Был приговорен к четвертованию, позже приговор был заменен на повешанье.
Рылеева вешали дважды. Вопреки обычаю, который гласил, что если у повешенного оборвалась веревка, значит смерть не угодна богу, второй раз казнить нельзя.
Перед смертью один из товарищей Рылеева декабрист Сергей Муравьев-Апостол сказал палачам: «Проклятая земля, где не умеют ни составить заговора, ни судить, ни вешать».
Ему было 31 год. Место захоронения неизвестно.
И не смотря на недолгий отпущенный ему век, осталось немалое литературное наследие: стихи, думы, драматургия, мемуары, письма и сборник фельетонов «Провинциал в Петербурге». Один из которых представлен ниже.
ЖЕНСКАЯ ИГРУШКА
-- Неужели вы никогда не видели калейдоскопа? -- с удивлением спросила жену мою двоюродная сестрица.
-- Нет, никогда,-- отвечала она.
-- Неужели и вы не видели его?
-- Где же нам, матушка, видеть: живем в глуши; далеко от столицы. Редкостей к нам никаких не привозят; и мы не только не видели кале… как вы назвали-то?
-- Калейдоскоп.
-- Не только не видели, но даже и не слышали его названия.
-- Жаль, очень жаль. Эта игрушка так мила, так занимательна, что я вам сказать не могу… Года с полтора назад все лучшие женщины почти не выпускали ее из рук.
-- Что ж бы это такое? Скажи, пожалуйста, сестрица. -
-- Чудо, милая, чудо!.. Но я теперь не скажу тебе ни слова.

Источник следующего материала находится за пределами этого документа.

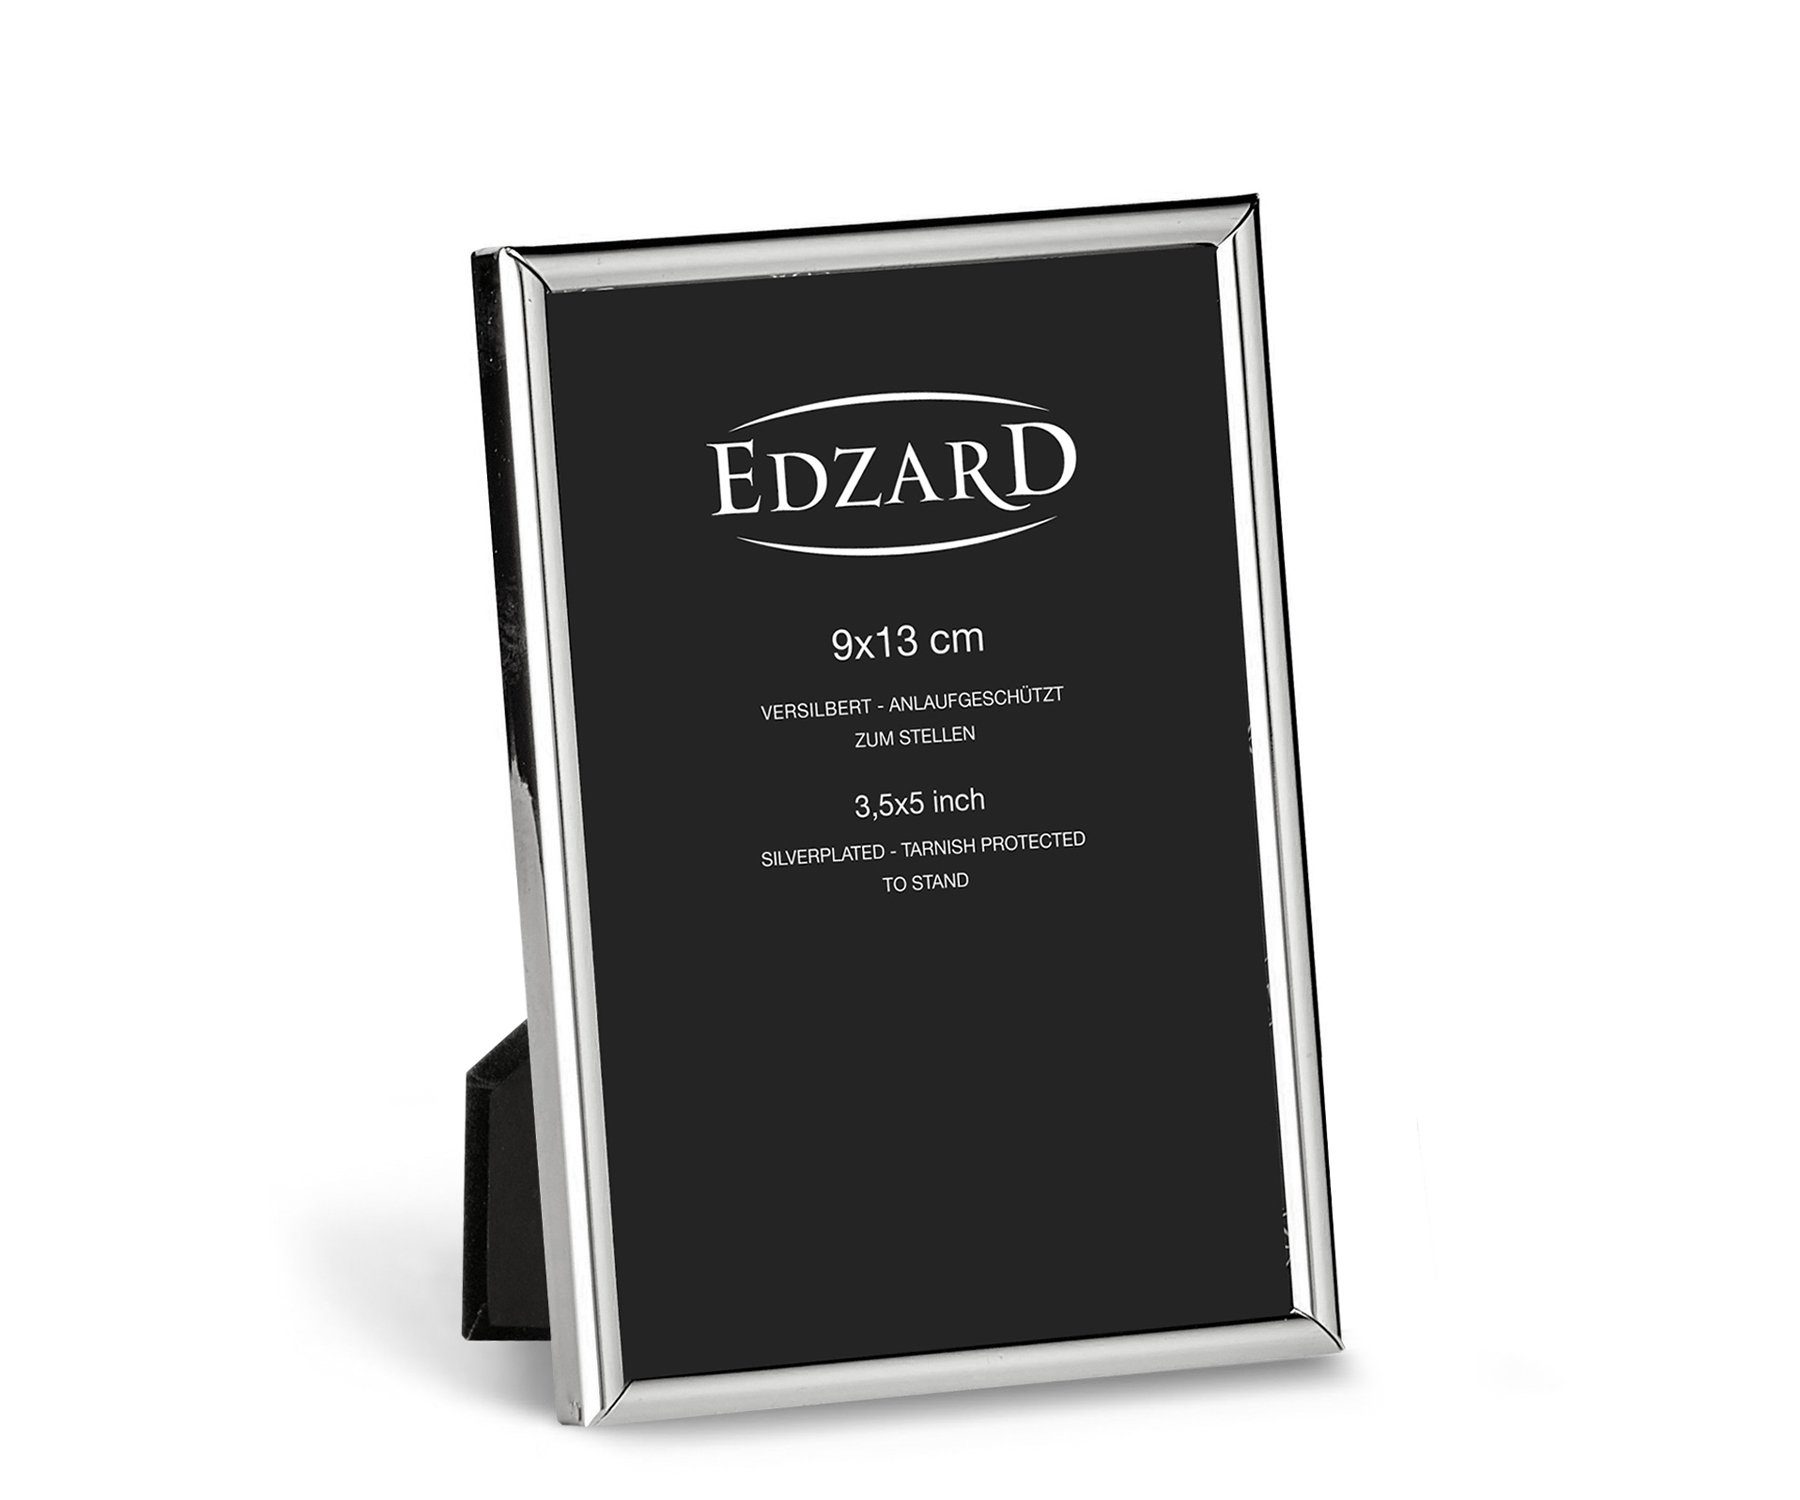 EDZARD Bilderrahmen Genua, edel versilbert und anlaufgeschützt, für 9x13 cm Foto

Приезжай ко мне; я покажу.
Немного спустя двоюродная сестрица уехала, и жена моя приступила ко мне, чтобы я сейчас же отправился искать калейдоскопа. Желая удовлетворить просьбе моей жены и подстрекаемый собственным любопытством, я велел подать сани и поскакал в магазин уже знакомой мадам Б. Приезжаю; услужливая француженка принимает меня так мило, так ласково, как будто мы знакомы уже лет двадцать. Чего не делают деньги!..
-- Опять изволили пожаловать.
-- Здравствуйте. Есть ли у вас ка… ка… Тфу, пропасть! никак не могу вспомнить.
-- Что бы такой, monsieur? He материи ли какой для вашей супруги?
-- Нет, нет…
-- Эшарп?
-- Нет! Ах, боже мой!..
-- Новомодные платки тру-тру?
-- Нет, madame, не из нарядов. Мне нужно игрушку.
-- Какую, сударь?
-- Которую любят женщины и которую, когда она появилась, они не выпускали из рук…-- Проговорив сие, я улыбнулся; мне самому казалось странно и смешно, что я приехал покупать вещь, которой хорошо и названия не знаю.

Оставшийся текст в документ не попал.